Впрочем, люди охотно перемывают косточки своей благоприобретенной родне и не побрезгуют разговаривать со всеми, кто готов слушать, так что это, может быть, ничего особенного и не значит…
– Не то чтобы в конце зимы у кого-нибудь был большой выбор, – продолжала Омба, – а моя свекровь прижимистая и всегда была такой. Я хорошо помню то лето, когда мы с Дором влюбились друг в друга… ты как раз тогда сделался таким длинным и тощим, Даг. Мы думали, что тебя морят голодом. Половина лагеря тайком таскала тебе еду.
Даг рассмеялся.
– Я тогда был готов отнимать корм у коз. Их ведь кормят кидальниками, – пояснил он Фаун. – Не знаю, почему я так не поступил. Теперь я был бы не таким нерешительным.
– Все знают, что дозорные всеядны. – Омба задумчиво взглянула на Фаун, подняв бровь, и та подумала: не следовало ли ей покраснеть?
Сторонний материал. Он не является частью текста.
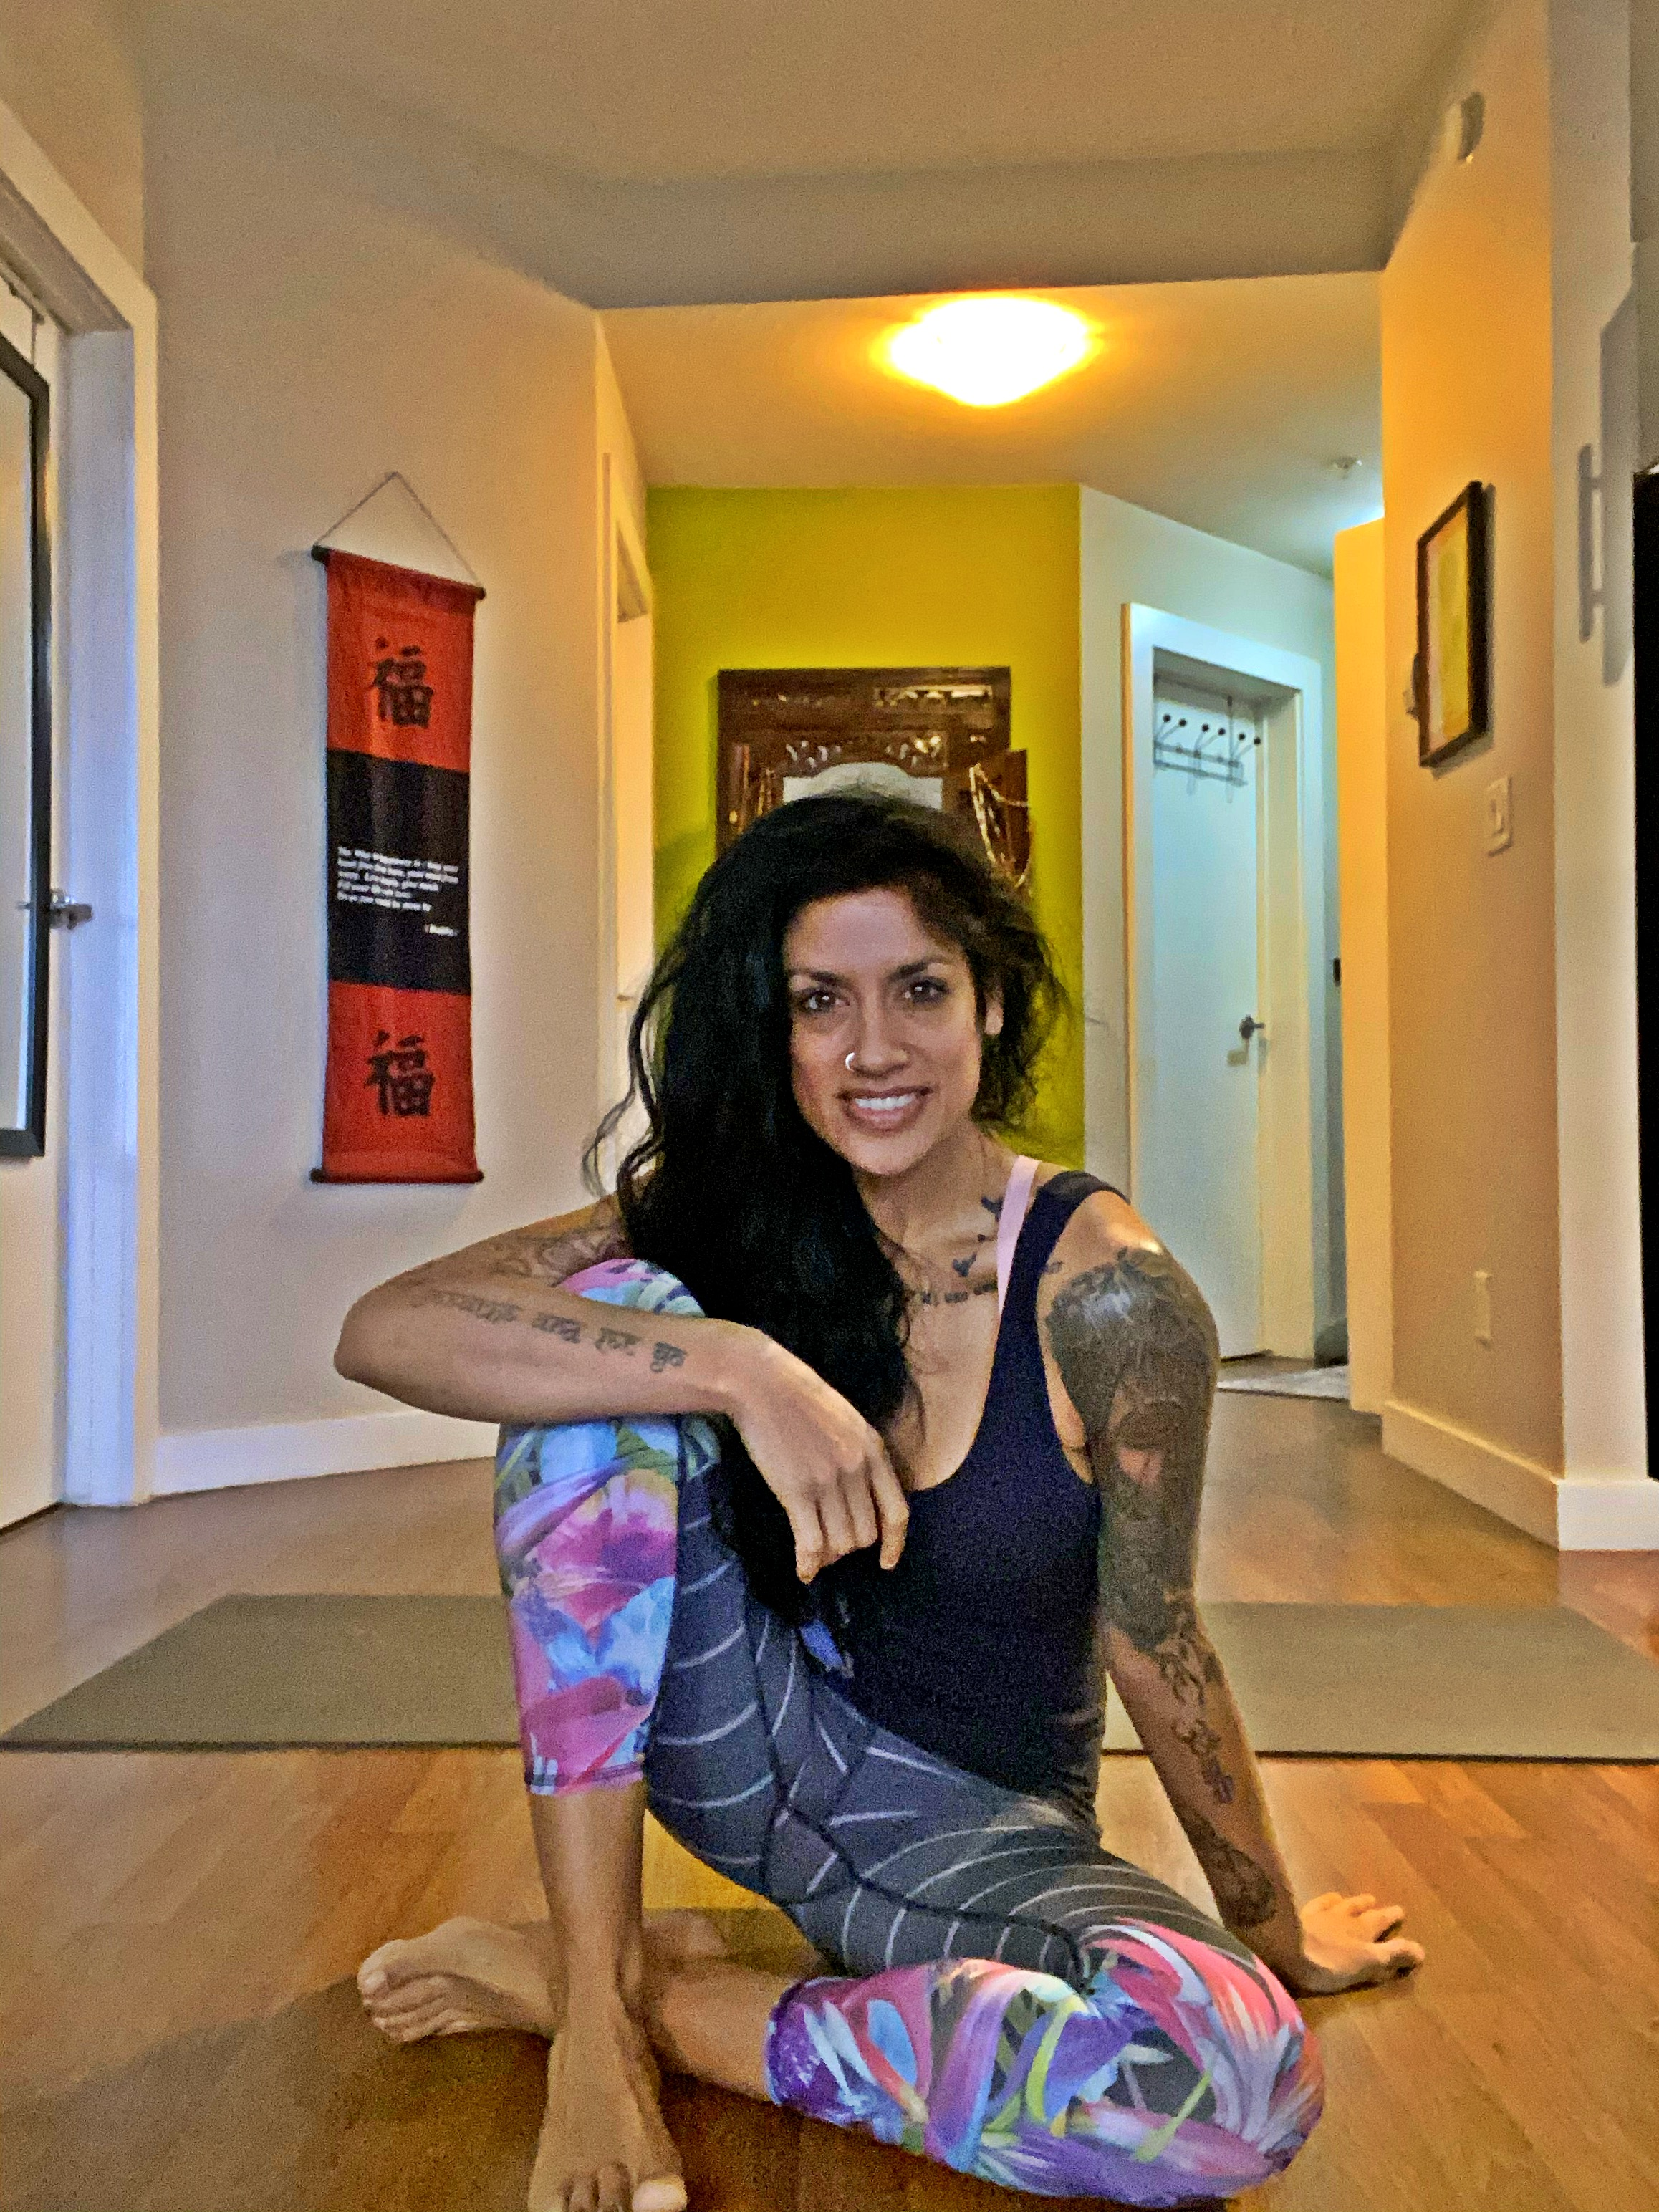 Becca Pati, Yoga, vinyasa, meditation, hatha, beginner, intermediate, advanced, flow, gentle, strength, core, workout,, stretching, runners,

Чтобы прогнать эту мысль, Фаун спросила:
– А кидальники хлопают ушами?
– Когда кидальники извлекают со дна озера, – объяснил Даг, – у них по бокам растет несколько долек размером с половину ладони. Их обламывают и кидают снова в ил, чтобы получить урожай на следующий год, – отсюда, кстати, и их название. Ушей всегда бывает больше, чем нужно для посадки, так что излишки скармливают козам и свиньям. Подростки обожают плескаться вокруг плотов, с которых идет сбор кидальников, – из ушей получаются замечательные снаряды, не особенно смертоносные… особенно если у тебя хорошая рогатка, – добавил Даг, голос которого неожиданно согрело воспоминание. Он помолчал и откашлялся. – Взрослые, конечно, не одобряют такое расточительство.
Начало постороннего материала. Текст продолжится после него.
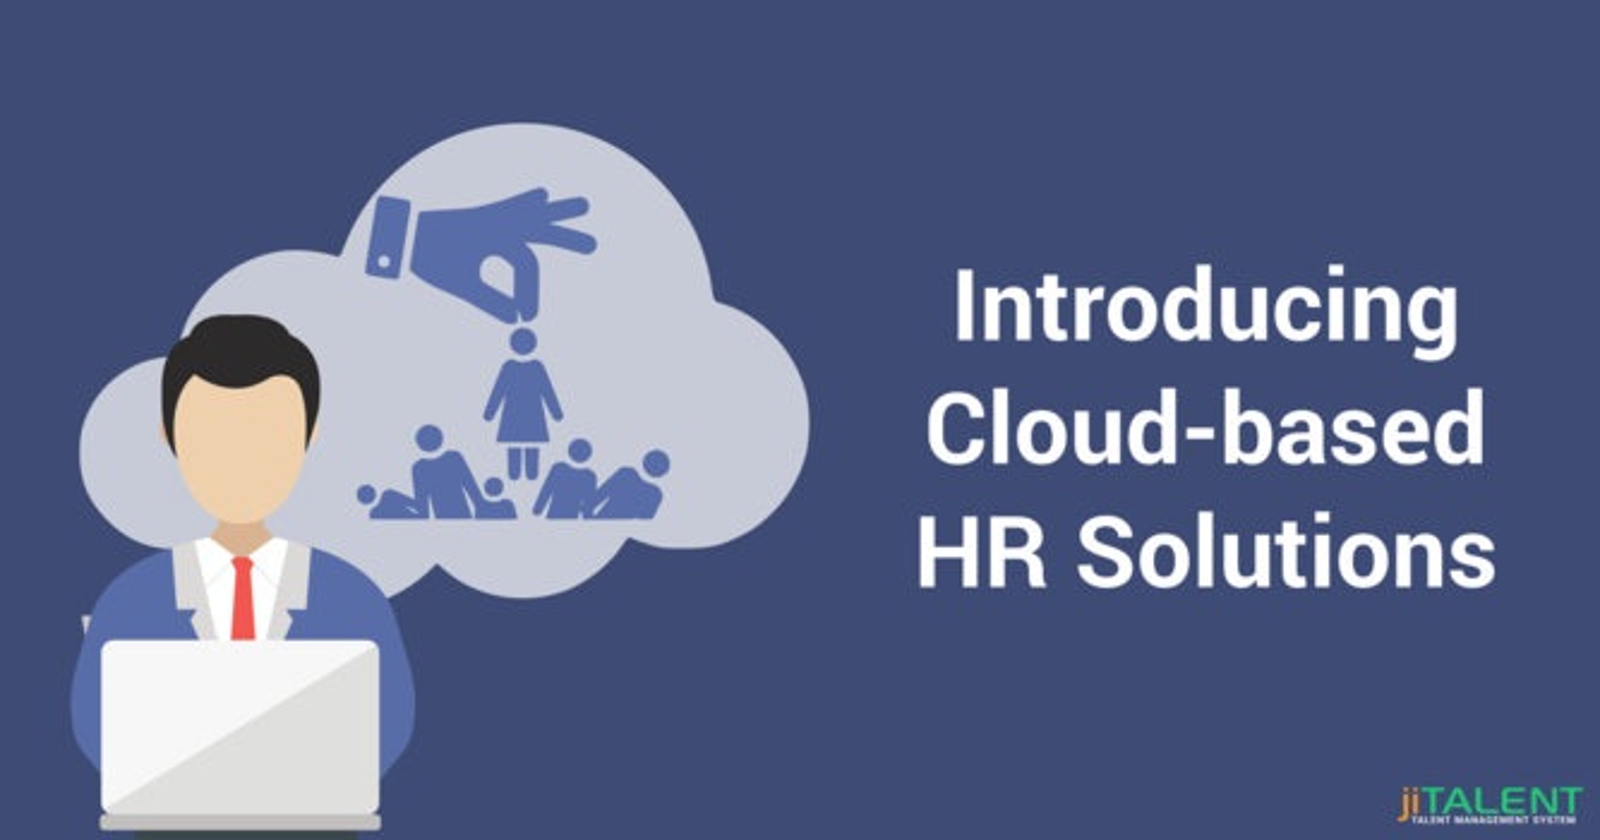 Heading towards Cloud-based HR solution

– Ну, не все, – сказала Омба. – Некоторые еще не забыли собственные рогатки. Наверное, кому-нибудь следовало подарить твоей матери рогатку, когда она была девчонкой.
– Теперь она в таком возрасте, когда люди не меняются.
– Ты же изменился.
Даг пожал плечами и только спросил:
– Как поживают Ласточка и Черныш?
Лицо Омбы просветлело.
– Замечательно. Этот вороной будет прекрасным производителем, когда вырастет. Ты получишь за него хорошую цену. Или, если наконец решишь отправить своего Безмозглого собакам на корм, сможешь ездить на нем сам. Я его для тебя объезжу. Вы с ним в дозоре будете чудесно выглядеть.
– М-м… Спасибо, но нет. Завтра или послезавтра – как только у меня появится время – я заберу их из табуна: Ласточку можно навьючить, а Черныш станет заводным конем. Отправлю их в Вест-Блу как свадебный подарок матери Фаун – я и так ужасно опоздал с этим.
– Твоих лучших коней! – в растерянности воскликнула Омба.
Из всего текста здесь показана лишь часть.